How to create a Restful web service with input parameters?

Be careful. For this you need @GET (not @PUT).

If you want query parameters, you use @QueryParam.

public Todo getXML(@QueryParam("summary") String x, 
                   @QueryParam("description") String y)

But you won't be able to send a PUT from a plain web browser (today). If you type in the URL directly, it will be a GET.

Philosophically, this looks like it should be a POST, though. In REST, you typically either POST to a common resource, /todo, where that resource creates and returns a new resource, or you PUT to a specifically-identified resource, like /todo/<id>, for creation and/or update.

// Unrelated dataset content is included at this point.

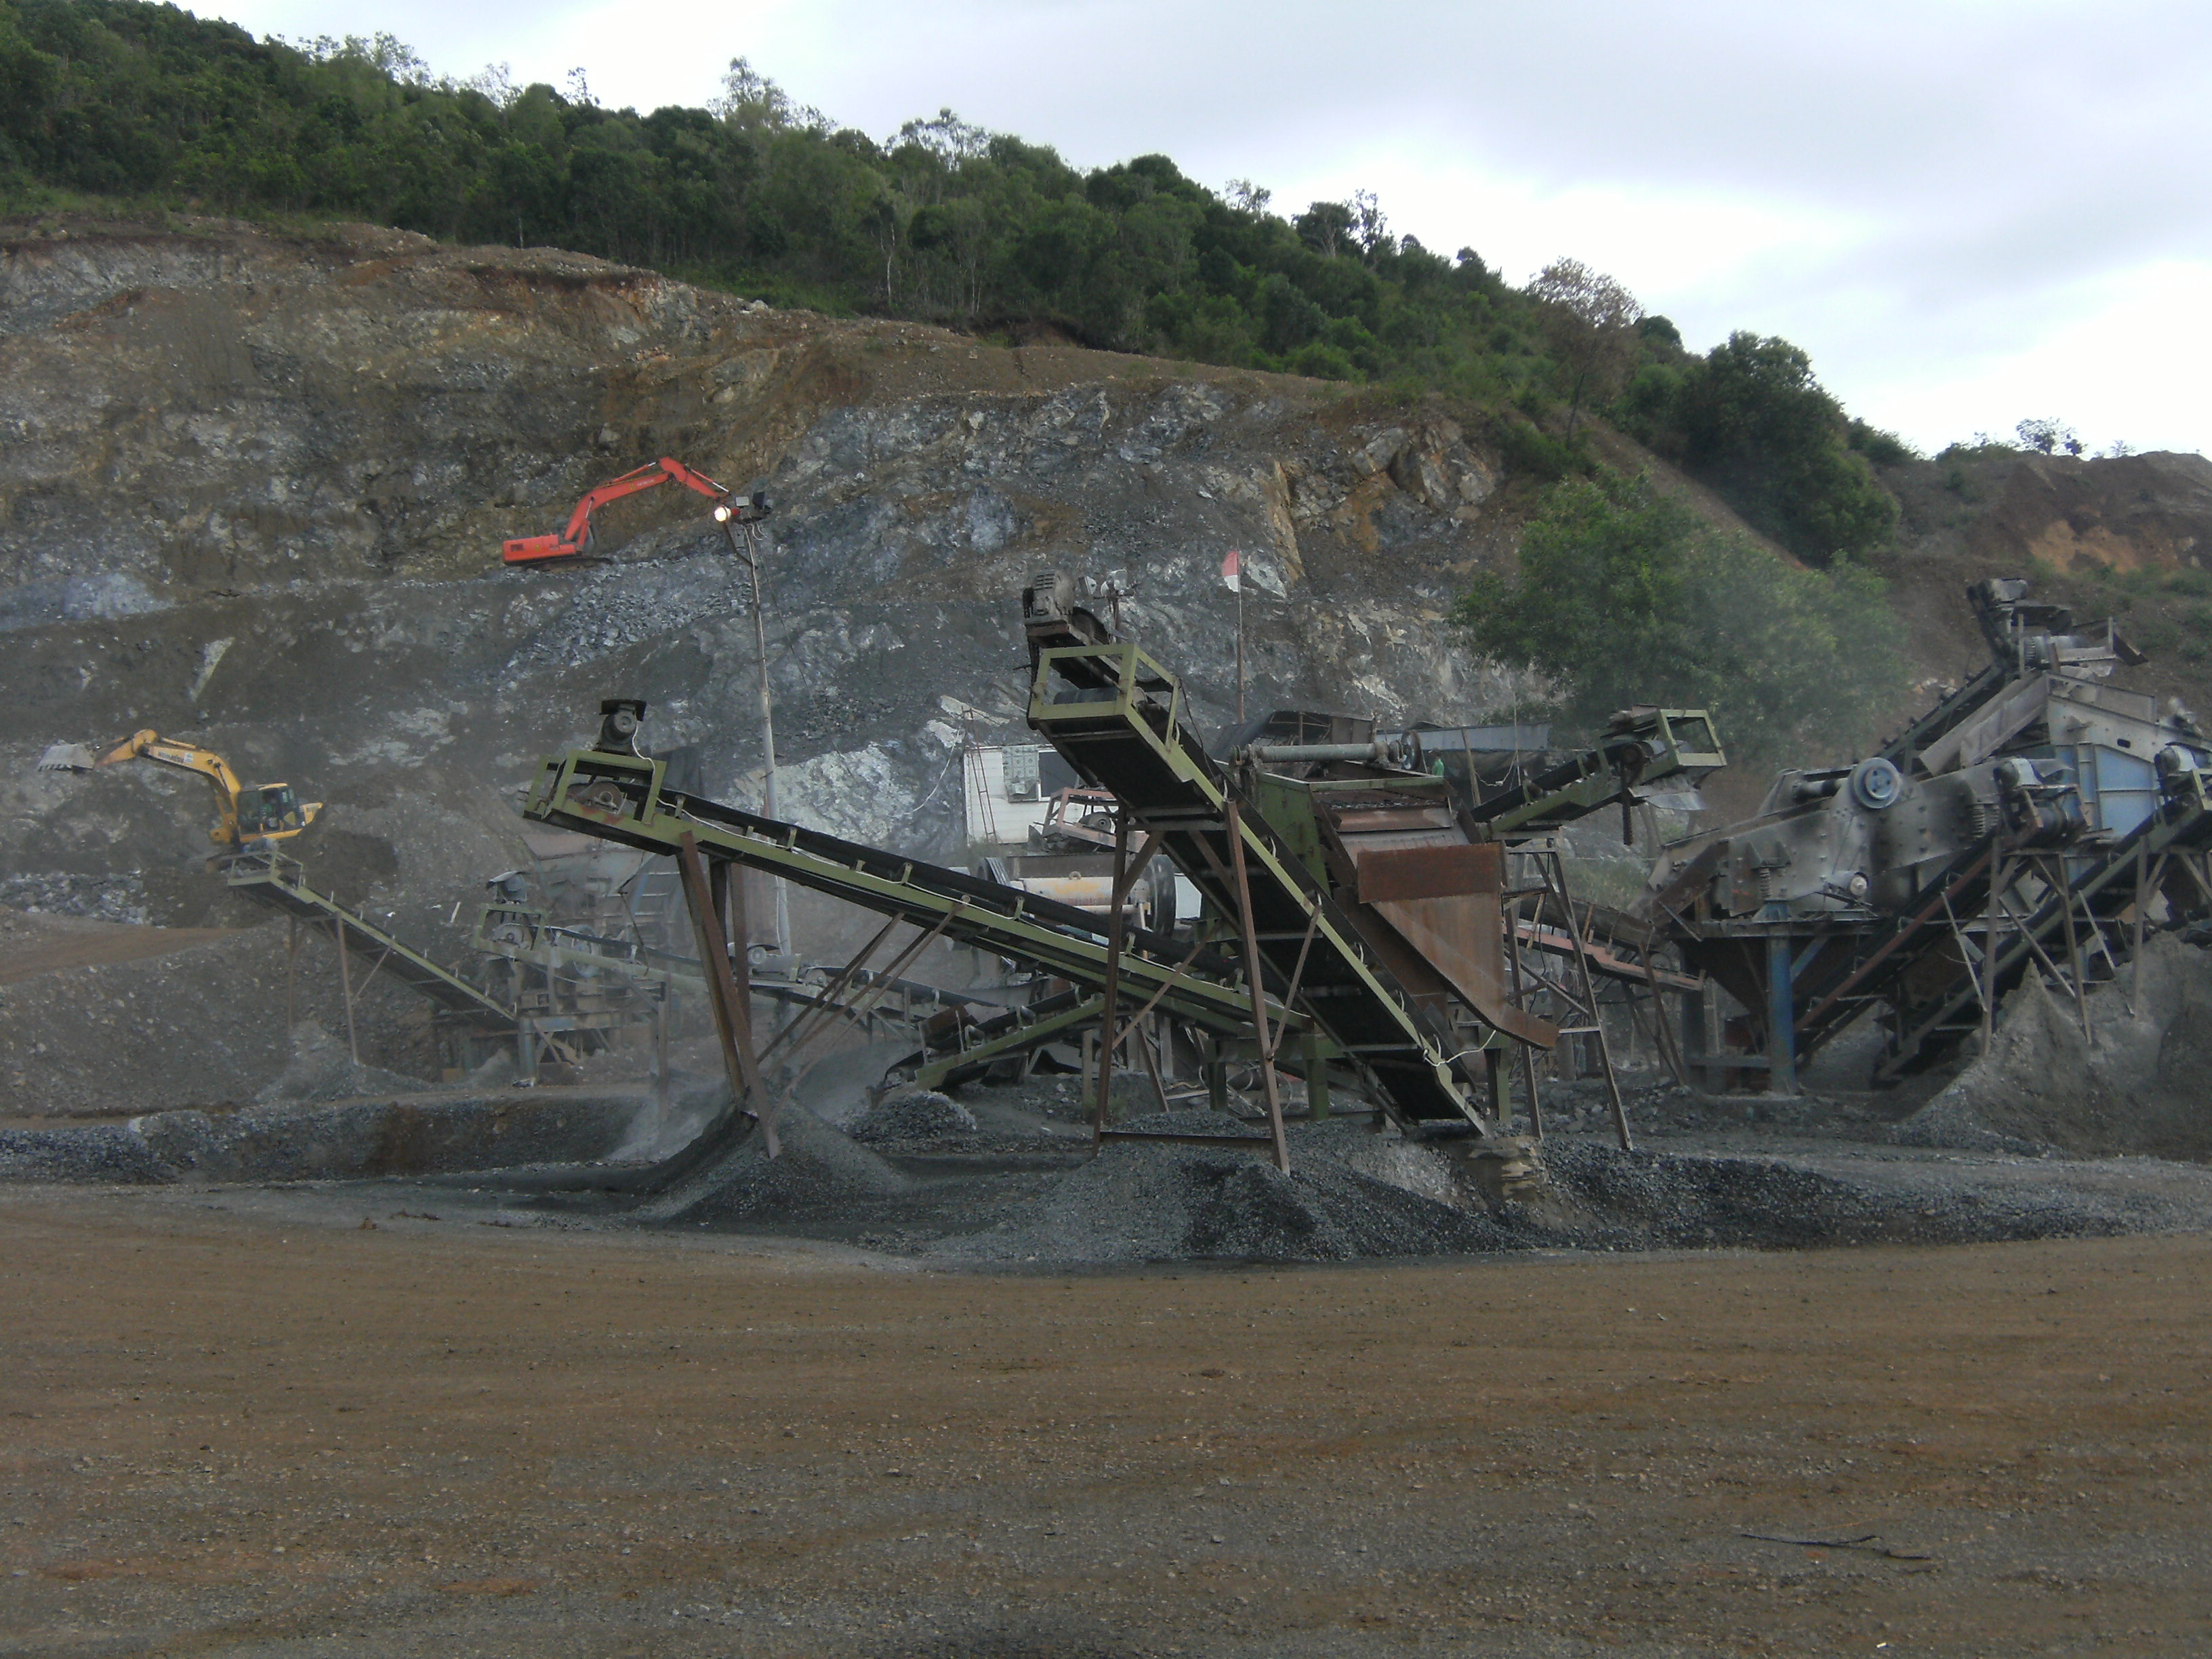 Stone crusher, Crusher, Hill, Industrial, Mining, HQ Photo

You can. Try something like this:

@Path("/todo/{varX}/{varY}")
@Produces({"application/xml", "application/json"})
public Todo whatEverNameYouLike(@PathParam("varX") String varX,
    @PathParam("varY") String varY) {
        Todo todo = new Todo();
        todo.setSummary(varX);
        todo.setDescription(varY);
        return todo;
}

Then call your service with this URL;
http://localhost:8088/JerseyJAXB/rest/todo/summary/description

another way to do is get the UriInfo instead of all the QueryParam

Then you will be able to get the queryParam as per needed in your code

@GET
@Path("/query")
public Response getUsers(@Context UriInfo info) {

    String param_1 = info.getQueryParameters().getFirst("param_1");
    String param_2 = info.getQueryParameters().getFirst("param_2");


    return Response ;

}